▶ **DATASET SECTION**
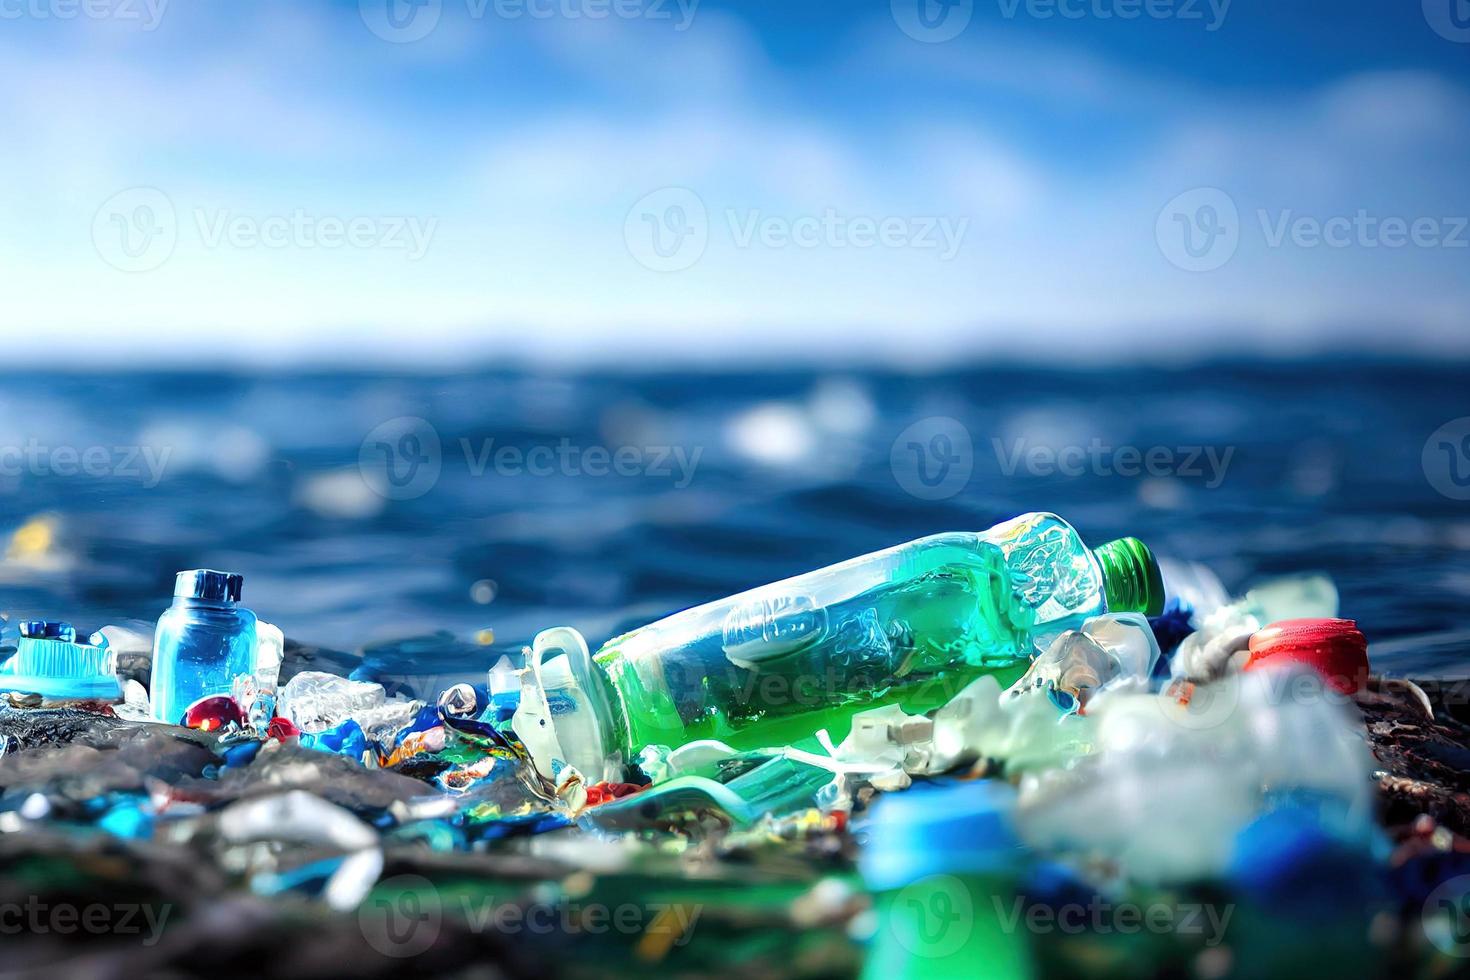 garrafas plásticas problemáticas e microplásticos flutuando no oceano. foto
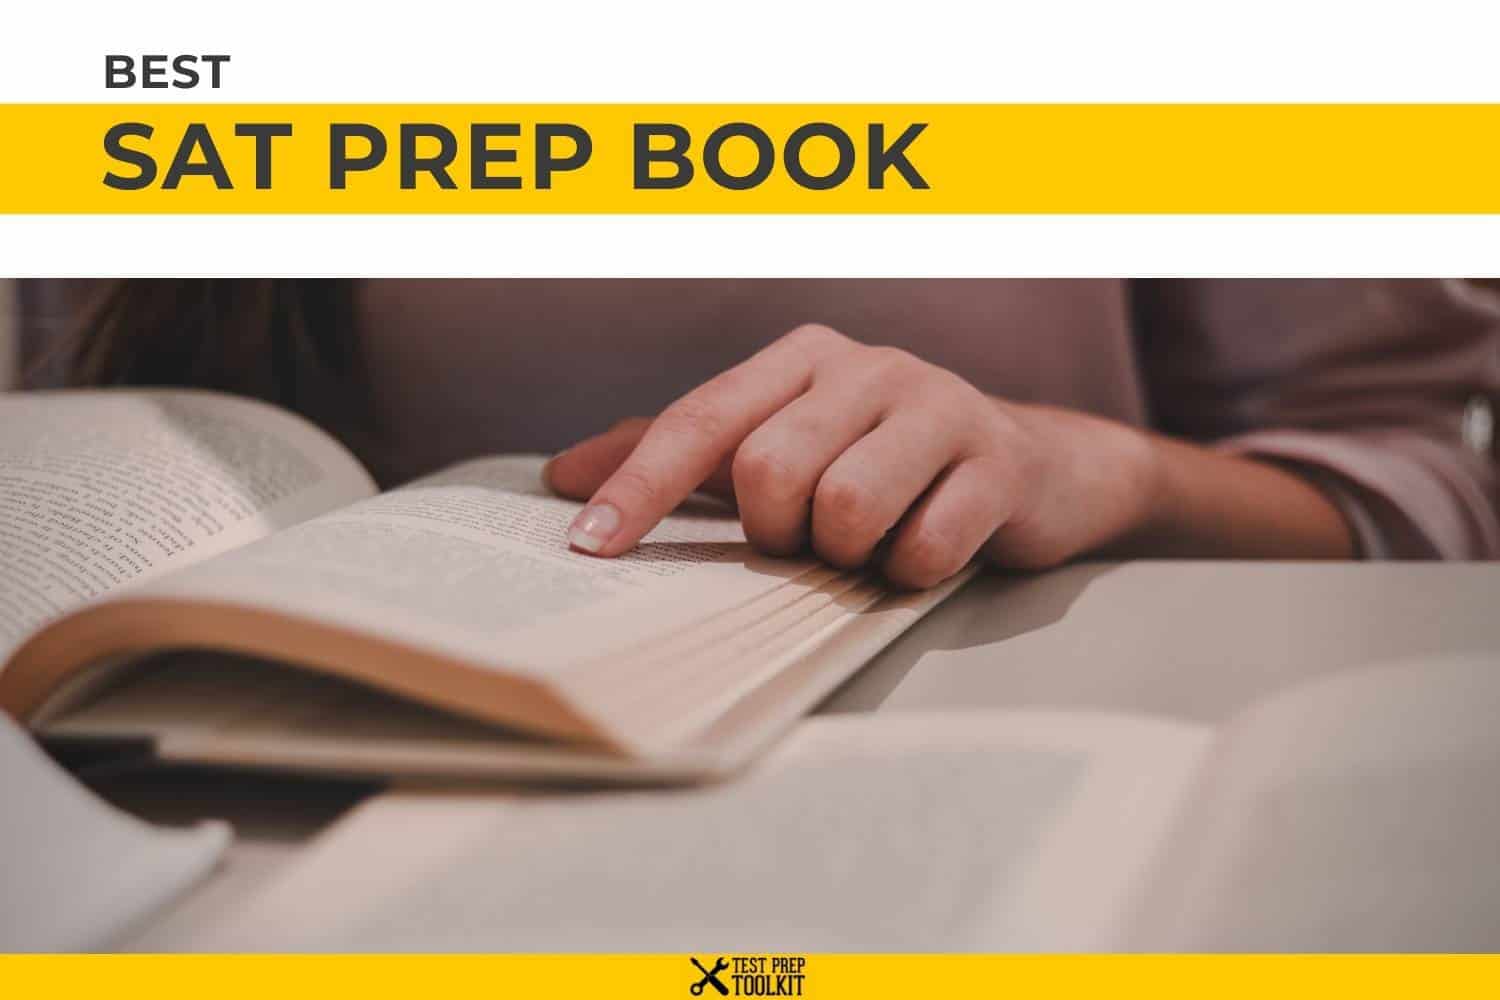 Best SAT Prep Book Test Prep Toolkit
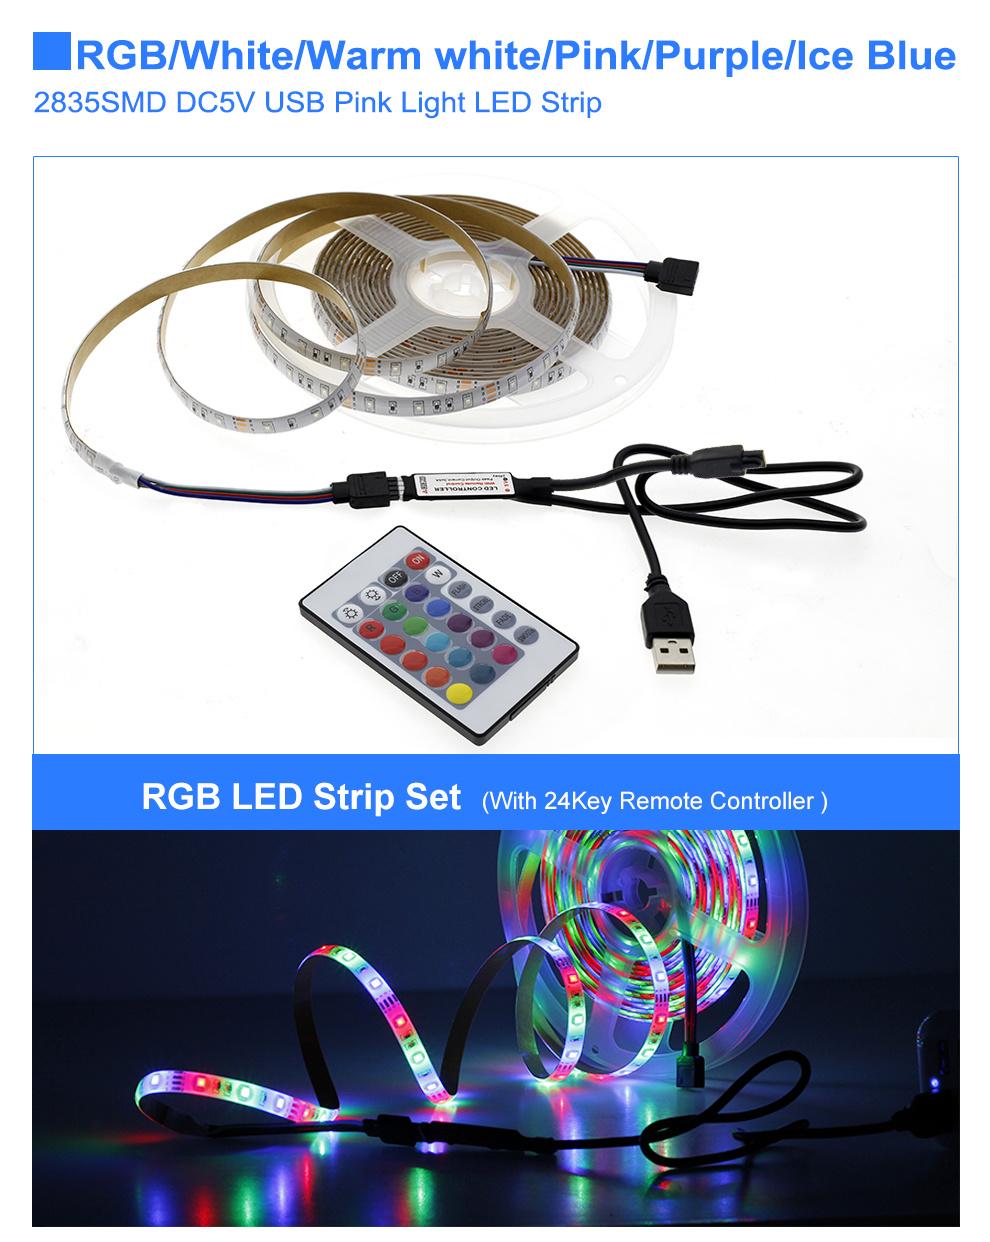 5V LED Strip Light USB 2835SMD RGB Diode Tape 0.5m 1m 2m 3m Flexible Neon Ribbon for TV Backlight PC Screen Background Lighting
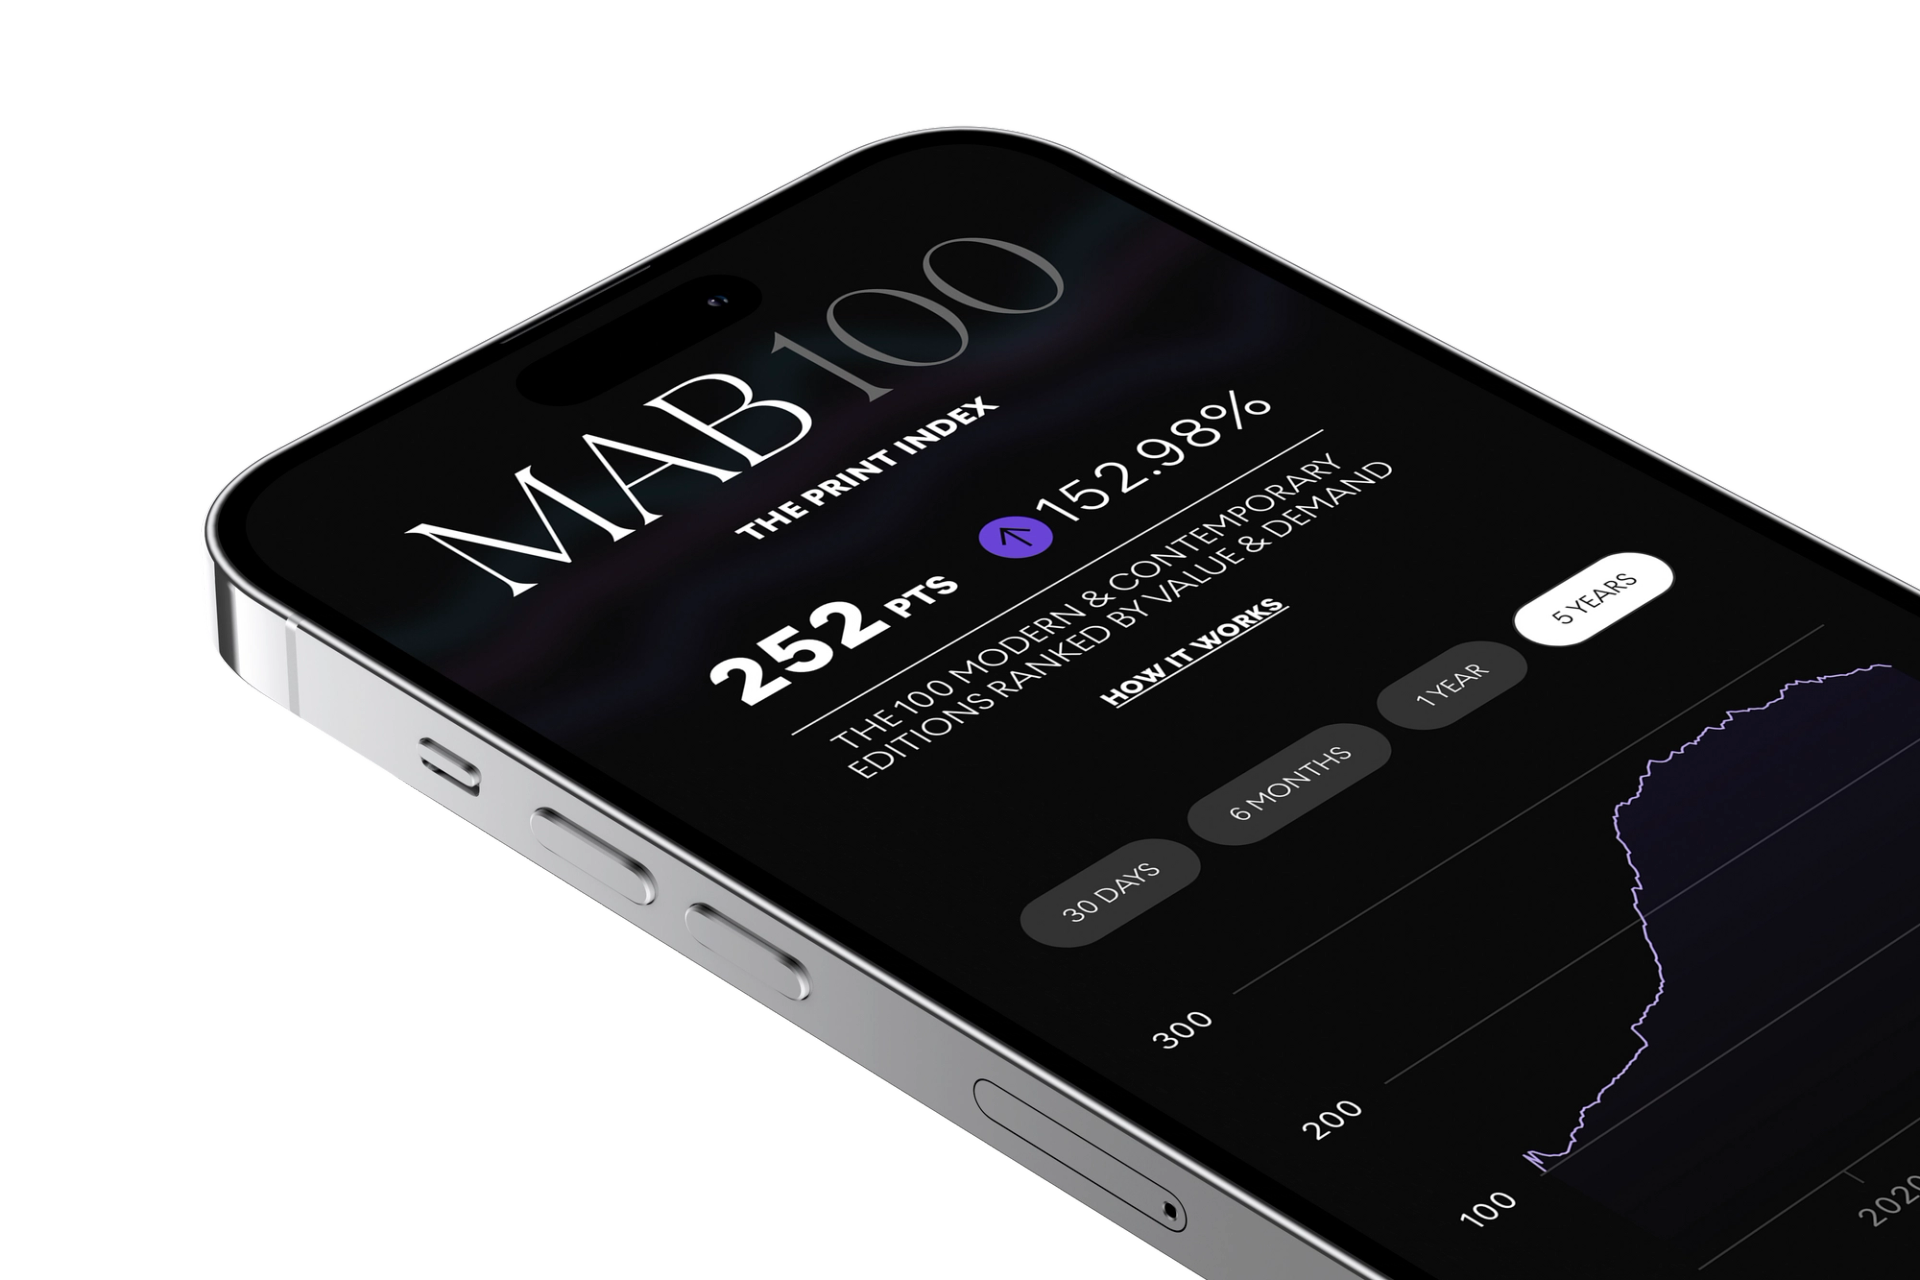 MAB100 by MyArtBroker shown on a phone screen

▶ **WHAT THE TASK REQUIRES**
Begin at the line containing "Best SAT Prep Book Test Prep Toolkit" and copy every line through the end of the data above exactly, omitting the pictures.

▶ **ANSWER SPACE**
 Best SAT Prep Book Test Prep Toolkit
 5V LED Strip Light USB 2835SMD RGB Diode Tape 0.5m 1m 2m 3m Flexible Neon Ribbon for TV Backlight PC Screen Background Lighting
 MAB100 by MyArtBroker shown on a phone screen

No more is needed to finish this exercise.